Tarrío & Zarattini 2020 present a method to estimate the redshift of galaxies using Pan-STARRS1 photometric data. It is an application of the algorithm proposed by Beck et al. (2016) for the SDSS Data Release 12. Our method uses a training set of 2313724 galaxies for which the spectroscopic redshift is obtained from SDSS, and magnitudes and colours are obtained from the Pan-STARRS1 Data Release 2 survey. The photometric redshift of a galaxy is then estimated by means of a local linear regression in a 5-dimensional magnitude and colour space. The method achieves an average bias of $$\overline{\Delta z_{\rm norm}}=-1.92 \times 10^{-4}$$, a standard deviation of $$\sigma(\Delta z_{\rm norm})=0.0299$$, and an outlier rate of $$P_o=4.30\%$$ when cross-validating on the training set. Even though the relation between each of the Pan-STARRS1 colours and the spectroscopic redshifts is noisier than for SDSS colours, the results obtained by our method are very close to those yielded by SDSS data. The proposed method has the additional advantage of allowing the estimation of photometric redshifts on a larger portion of the sky $$(\sim 3/4$$ vs $$\sim 1/3)$$.

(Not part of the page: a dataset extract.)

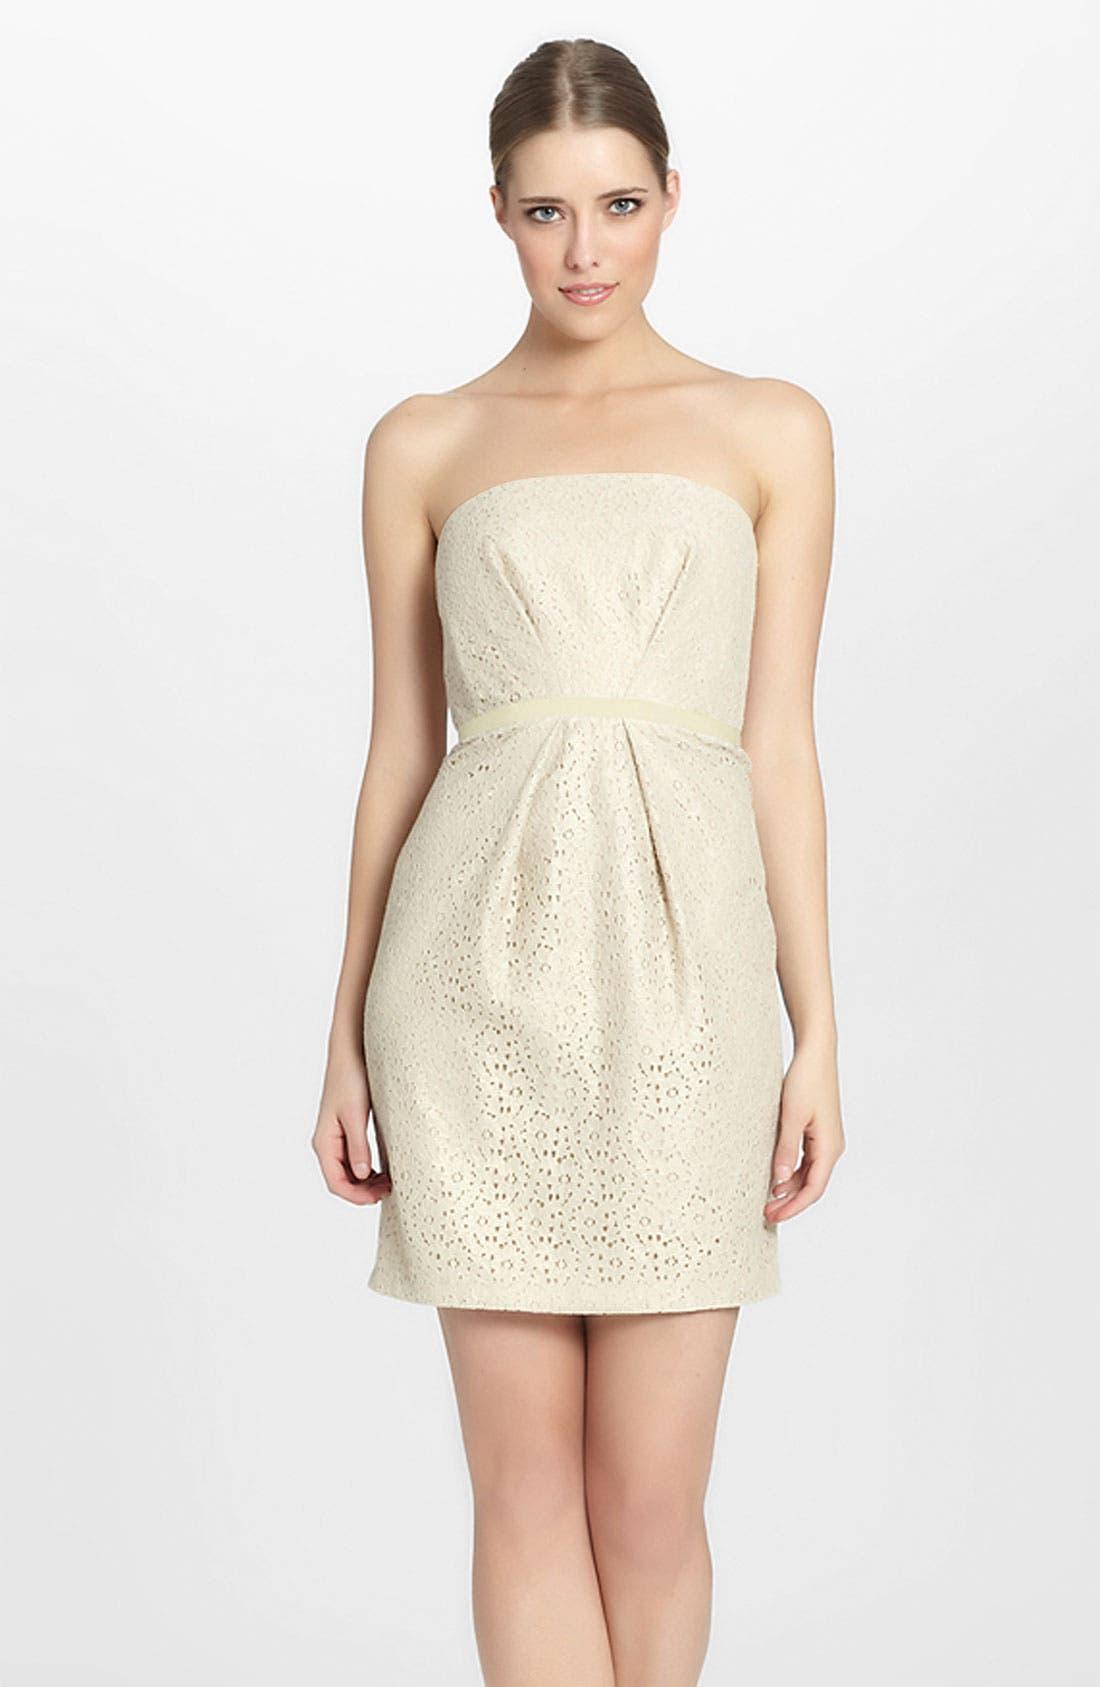 Alternate Image 1 Selected - Seamline Cynthia Steffe 'Chloe' Foiled Lace Sheath Dress
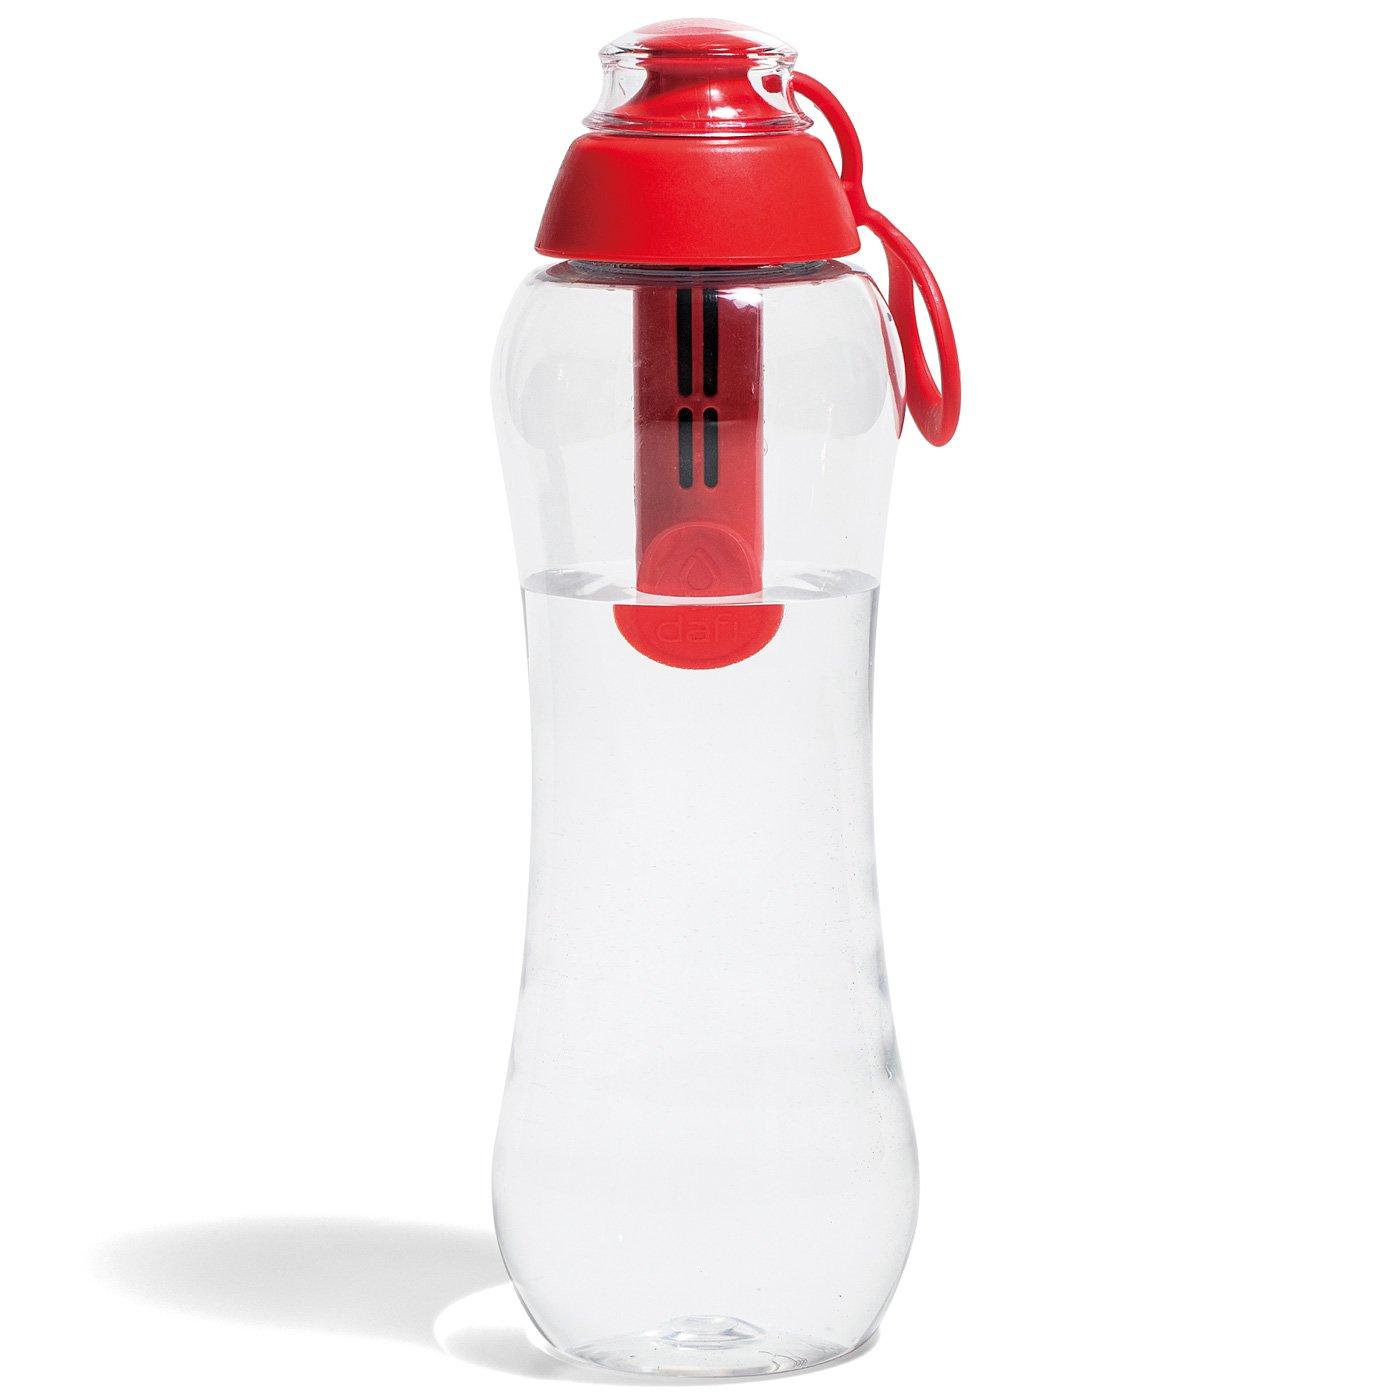 UP.de UP.de 携帯用浄水ボトル専用 浄水カートリッジ2個&キャップ

This method was initially designed with the purpose of confirming cluster candidates of the ComPRASS catalogue (Tarrío et al. 2019). This all-sky catalogue of galaxy clusters and cluster candidates was validated by careful cross-identification with previously known clusters, especially in the SDSS and SPT footprints. Still, many candidates remain unconfirmed outside these areas. We are currently working on the confirmation of ComPRASS candidates in the PS1 area using the photometric redshifts computed with this method.

## Files

Here you can download all the files that are necessary to compute the photometric redshift of a galaxy using PS1 photometry following Tarrío & Zarattini 2020. This includes:

• ps1_training_tarrio.fits: This FITS file contains the training set, with 2313724 galaxies.
• ps1_photoz_IDL.tar.gz: IDL scripts implementing the redshift estimation. It is composed of several files:
• readme: describes how to use the code, and the different configuration options.
• compute_photo_z_pan_tarrio.pro: This is the main script. It calculates the photometric redshift of a set of galaxies using the training set (ps1_training_tarrio.fits) and the photometric redshift estimation method described in Tarrío & Zarattini 2020.
• linear_regression_zphot_tarrio.pro: This auxiliary function performs the linear regression on the 5-dimensional feature space. It is called from compute_photo_z_pan_tarrio.pro.
• prepare_test_galaxies_tarrio.pro: This script puts the photometric information downloaded from Pan-STARRS for a given galaxy/galaxies in the appropriate format to be used as input of compute_photo_z_pan_tarrio.pro.
• ps1_photoz_Python.tar.gz: Python scripts implementing the redshift estimation. It is composed of several files:
• readme: describes how to use the code, and the different configuration options.
• compute_photo_z_pan_tarrio.py: This is the main script. It calculates the photometric redshift of a set of galaxies using the training set (ps1_training_tarrio.fits) and the photometric redshift estimation method described in Tarrío & Zarattini 2020.
• linear_regression_zphot_tarrio.py: This auxiliary function performs the linear regression on the 5-dimensional feature space. It is called from compute_photo_z_pan_tarrio.py.
• prepare_test_galaxies_tarrio.py: This script puts the photometric information downloaded from Pan-STARRS for a given galaxy/galaxies in the appropriate format to be used as input of compute_photo_z_pan_tarrio.py.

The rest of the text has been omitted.